How much and what type of light do you have? Do you have it floating or stuck in the substrate? Do you see any new growth at the tips? When I first got my Anacharis most of the old leaves slowly turned brown and fell off, but all the new growth was green and healthy. I don't think fertilizer is absolutely necessary for this plant (I wasn't using any at first), but it does help.


----------



## Alphahelix (Dec 7, 2013)

Goldfish are notorious eaters of anacharis, that could be why the leaves have disappeared!

Also are you planning to have a sorority + goldfish? Goldfish should not be kept with Bettas because of the amount of ammonia they produce.


----------



## BettaBoy51 (Nov 13, 2013)

the gold fish is going to a bigger tank soon but there is new leaves on the plants and what are some plants i can use for a beginner i think they will grow back but what can i get that doesn't need much care and i just have a normal hod from walmart and the bulbs it came with and i put a 30 gallon filter but i put a sponge in the front of it and now it is baffled im going to get some plants maybe today but my sister has a 1 gallon thing for her baby betta with a filter and her room stays at 78 degrees +the light it has and we put her plant in before the fish came and it was just bottled water and water conditioner and hers turned brown and died what plant should she have? and what should i have?


----------



## nicktide (Dec 10, 2013)

Anacharis needs alot of light. it's upper leaves shade the rest of the plant and so it falls apart. 
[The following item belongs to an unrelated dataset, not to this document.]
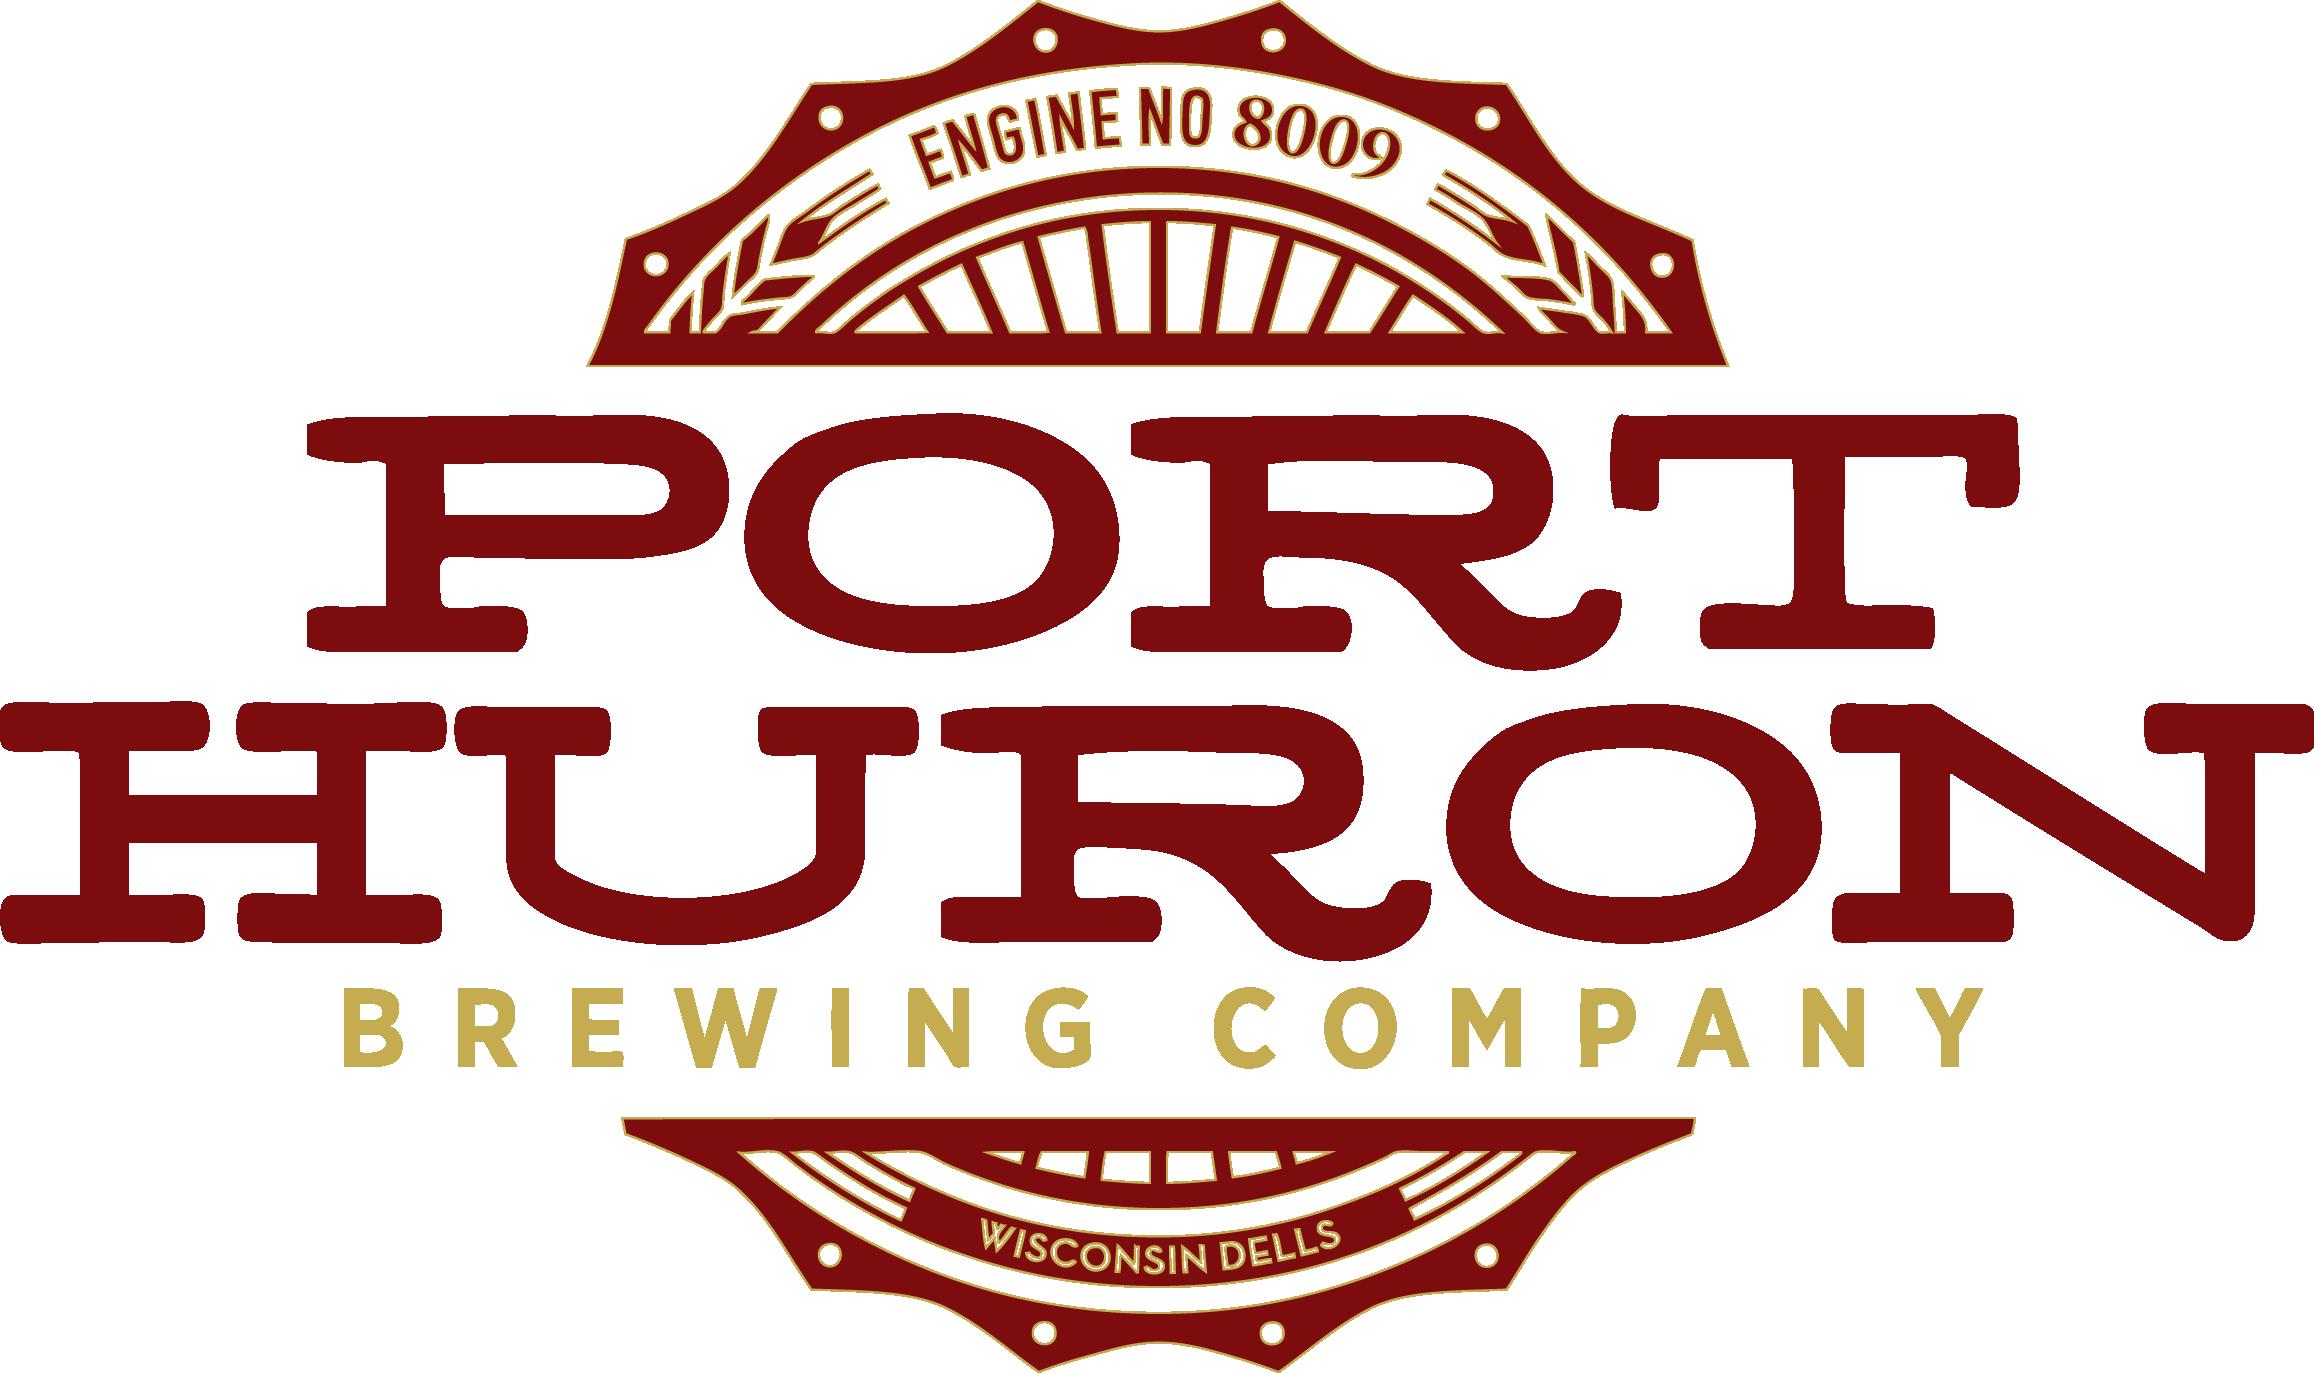 Port_Huron_logo.ai-3.png

If you left the rubber band or weight around the base, remove it. Doubt that kills the whole thing but it can rot the bottom.
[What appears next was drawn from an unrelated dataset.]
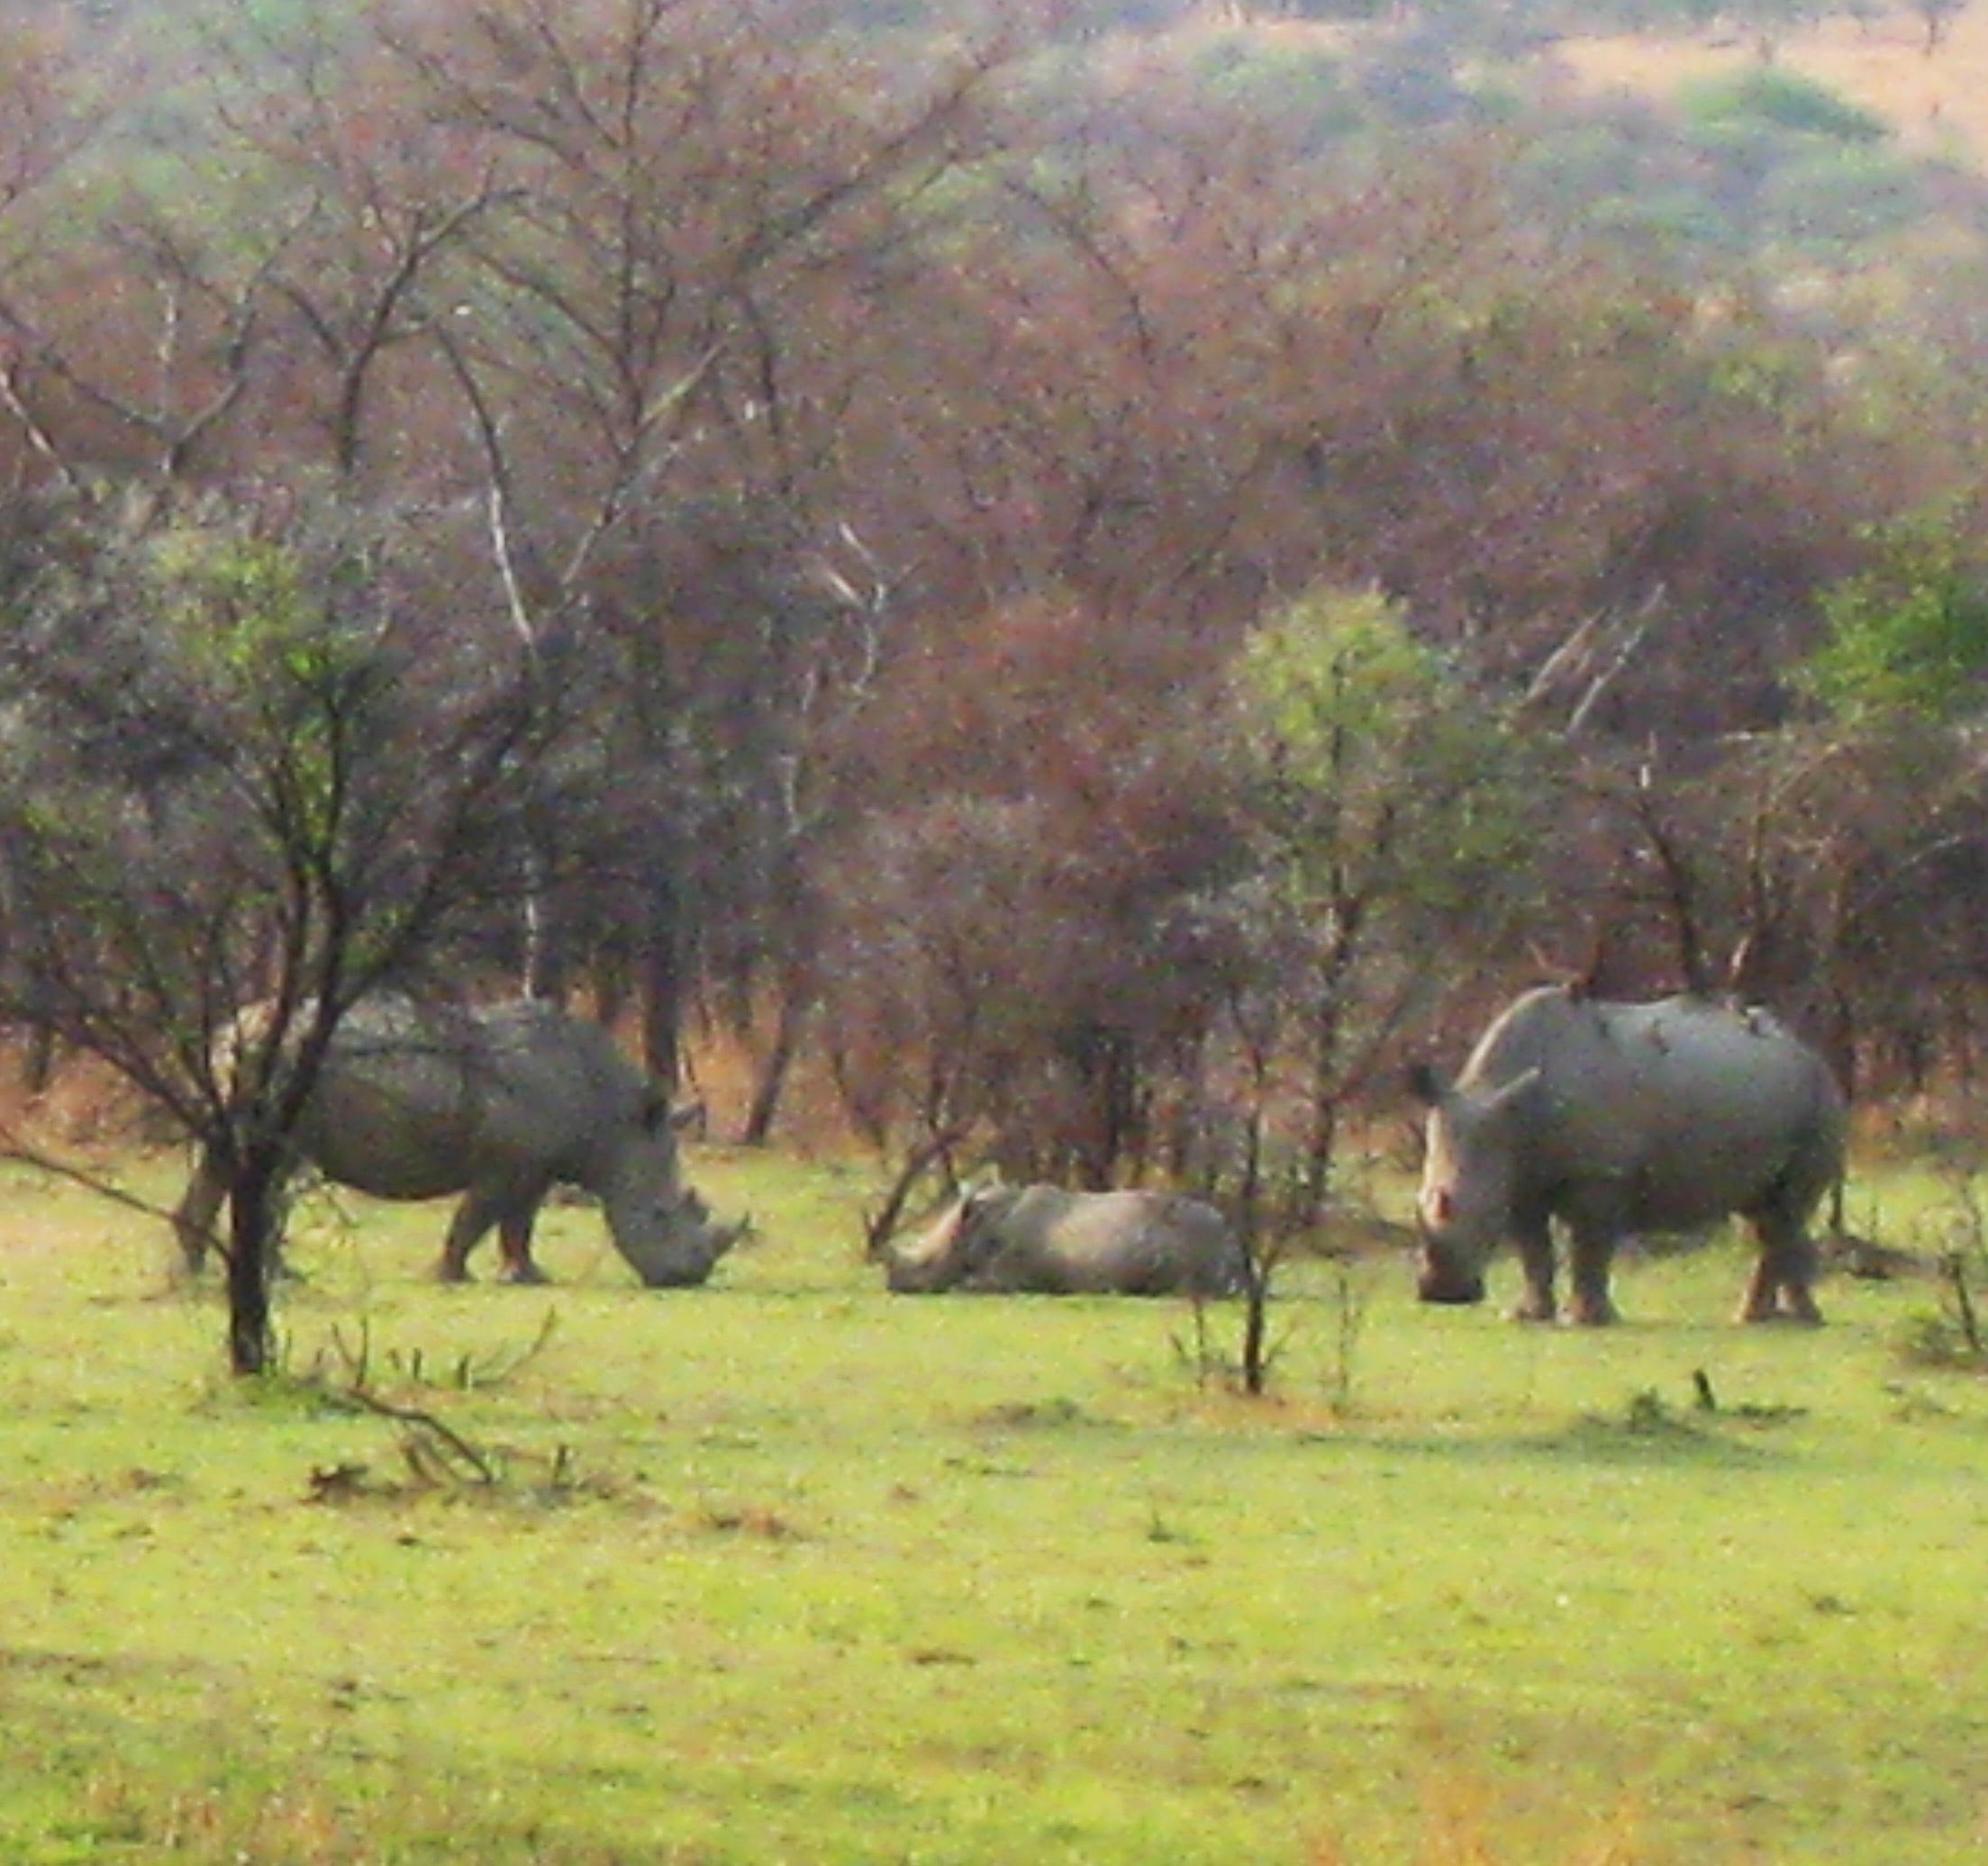 Borakalalo Rhinos

Don't know about watercress but my favorite plants for beginners or whoever are Java fern and anubias. They can live in low light or any conditions. Crypts are another good one for low light. If you wnat something bushy, you cant get any easier than water sprite. As a kid, my favorite was the banana plant. they dont last forever in normal lighting, but can last quite a while.


----------



## kittenfish (Dec 1, 2013)

The lights that come with aquarium kits are almost never suited for anything but low light plants. Java fern and anubias should be fine. I think water sprite prefers more light. Crypts are root feeders, so they need a nutrient-rich substrate.


----------



## nicktide (Dec 10, 2013)

It has been a long time since I grew watersprite to sell wholesale. I first did it in a 30 gallon aquarium whith a single bulb. I probably used vitalight whicgh is better than what comes with the light. I may have used that clay type gravel for crypts. It has been a long time.


----------



## BettaBoy51 (Nov 13, 2013)

the lady at petco said i need a full Co2 thingy to keep live plants is that true?


----------



## lilnaugrim (Mar 27, 2013)

No you don't need all the CO2 and fancy stuff, just some liquid fert would be nice for the plants. Oh and Anacharis IS a low light plant, that stuff will grow anywhere and in any temperature practically!

Most likely it's just getting used to your water chemistry, just like fish, plants have to get used to the new water chemistry and while they do that, they do a thing called Melting, Crypt plants are known to do it the worst out of them all. The plant will look like it's dying and some pieces will die but it will grow new sprouts in a week or so. Keep the plant in there until the shoot is long enough you can safely pluck it off to let it continue to grow.

And yeah, could also be that your goldfish is trying to eat it lol.


----------



## BettaBoy51 (Nov 13, 2013)

ok thanks im getting some more when i sell my baby's because i dont have room for anything right now


----------